I can never compare my friendship with Liz Daley in the way many of you can. I worked with Liz for about three years on and off. We spent most of our time working together giggling, speaking our version of Spanglish, and her telling me about her latest adventures. Liz was the type of person that sparkled, even if you just knew her for a brief period of time. When I got the news of her death on September 29, 2014, I remember feeling gutted. I had recently gone through a break-up, hated my job, and felt alone. It was only a few days prior that I was contemplating reaching out to her and finally taking her up on the offer to go rock climbing. I cannot change things, and never will be able to. I was so lost when Liz died. I hated myself, my life, and that I was a bystander in life.
The outpouring of love and admiration that Liz received even in death was mind blowing. It is amazing how much one person can change a community. Liz’s passing woke me up and made me face reality of my situation. She lived a million lifetimes in her short amount of years on Earth. Experiencing as much as life had to offer her, with her classic smile on her face and her positive attitude. I had been obsessed with mountaineering since I was 16, but my confidence never allowed me to really push myself to do it.

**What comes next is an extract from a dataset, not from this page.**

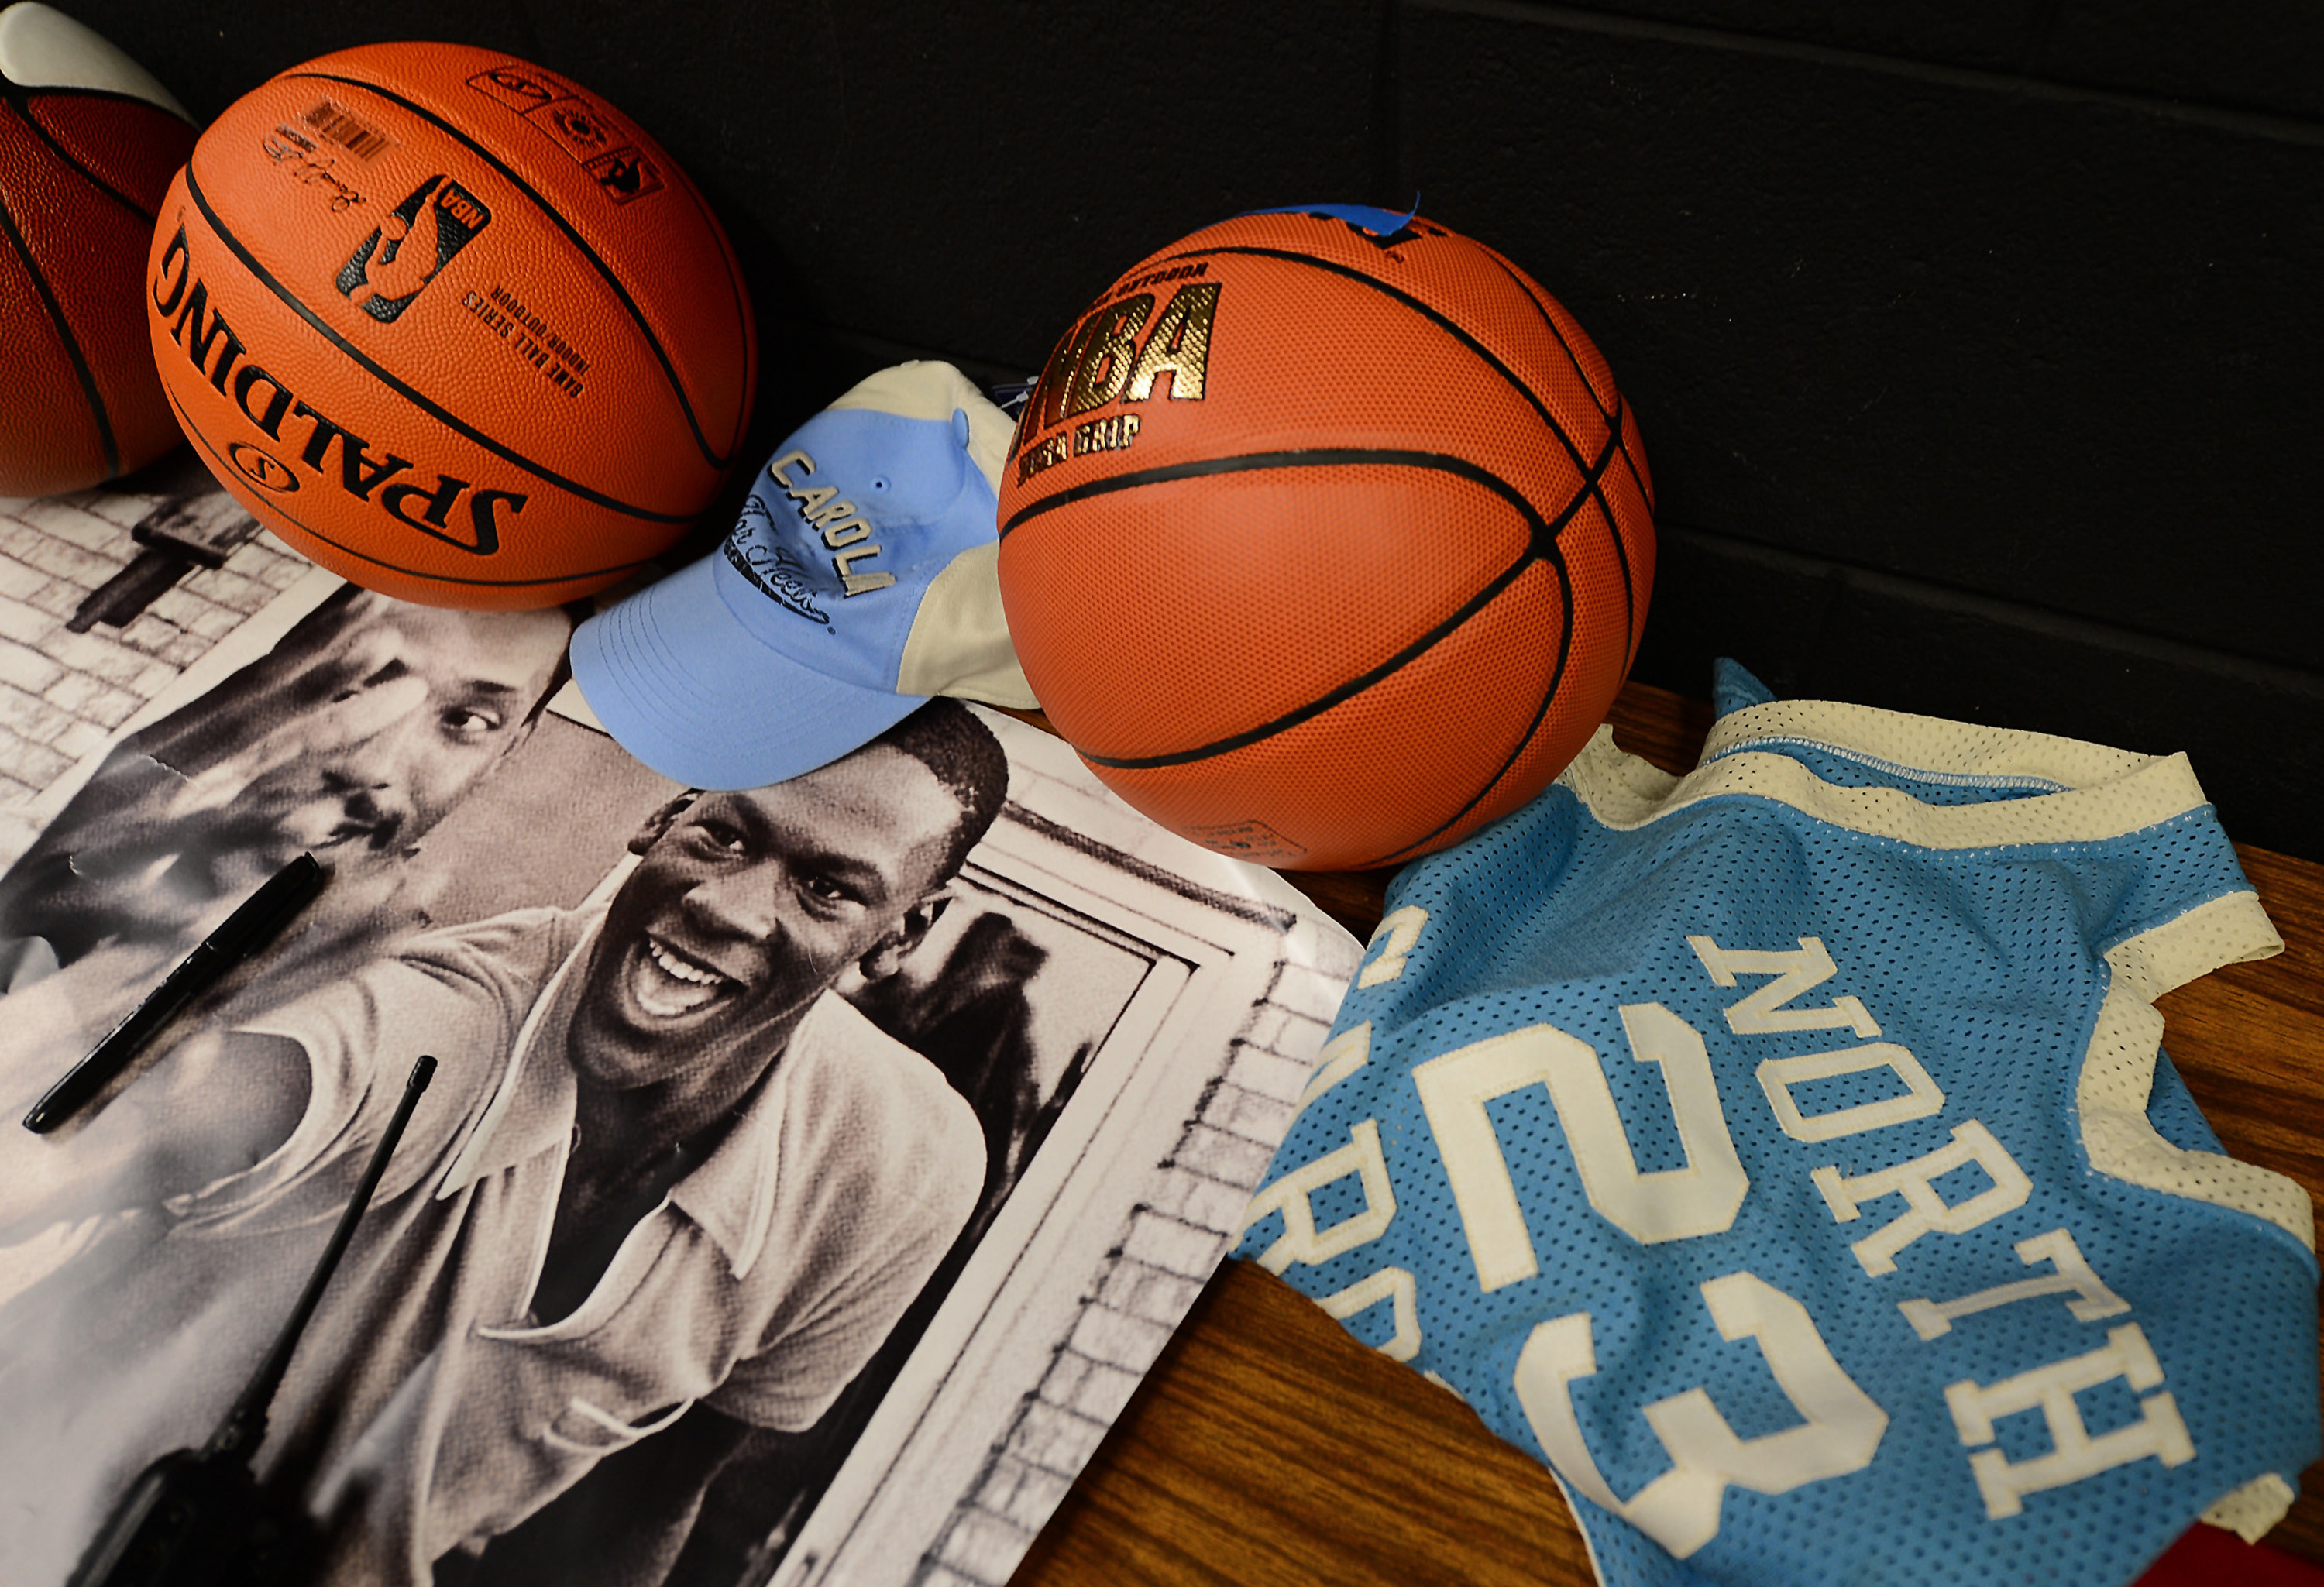 Michael Jordan Sets Another Record as His College Jersey Sells for $1.38 Million

On January 1, 2015, enough was a enough. I started hiking as much as a possibly could, the beauty in the world around me saved me. I built my confidence, I saw the world, my community, and myself differently. About a year ago, I started rock climbing. It is my great love affair. I love everything about it, the places I climb, the amazing people from all different walks of life I meet, and the way it makes me feel. Most of all, I feel like myself. I love who I am, I feel empowered, and I see why Liz loved it so much. Although, I have a degree from the University of Washington, have lived the corporate life, and live just outside the city, I find inspiration from the life Liz Daley lead. I don’t need all of those things to make me happy. It is following my passion and being with my community that makes me complete.
When Liz died, I promised myself that I would “live like Liz,” and do my best to honor the memory of an amazing woman that I had the pleasure of knowing. Even in death, people can inspire us to be better. Liz, you have done this for me. Over the next year, I will be focusing on getting my Single Pitch Instructor for Rock Climbing, Wilderness First Responder, and work towards starting my own non-profit to help others to feel empowered with outdoor activities. Life is so unbelievably short, and I do not want anyone to ever spend a moment not living. Liz will forever hold a special place in all of our hearts. I chose to honor her by smiling and living my adventure.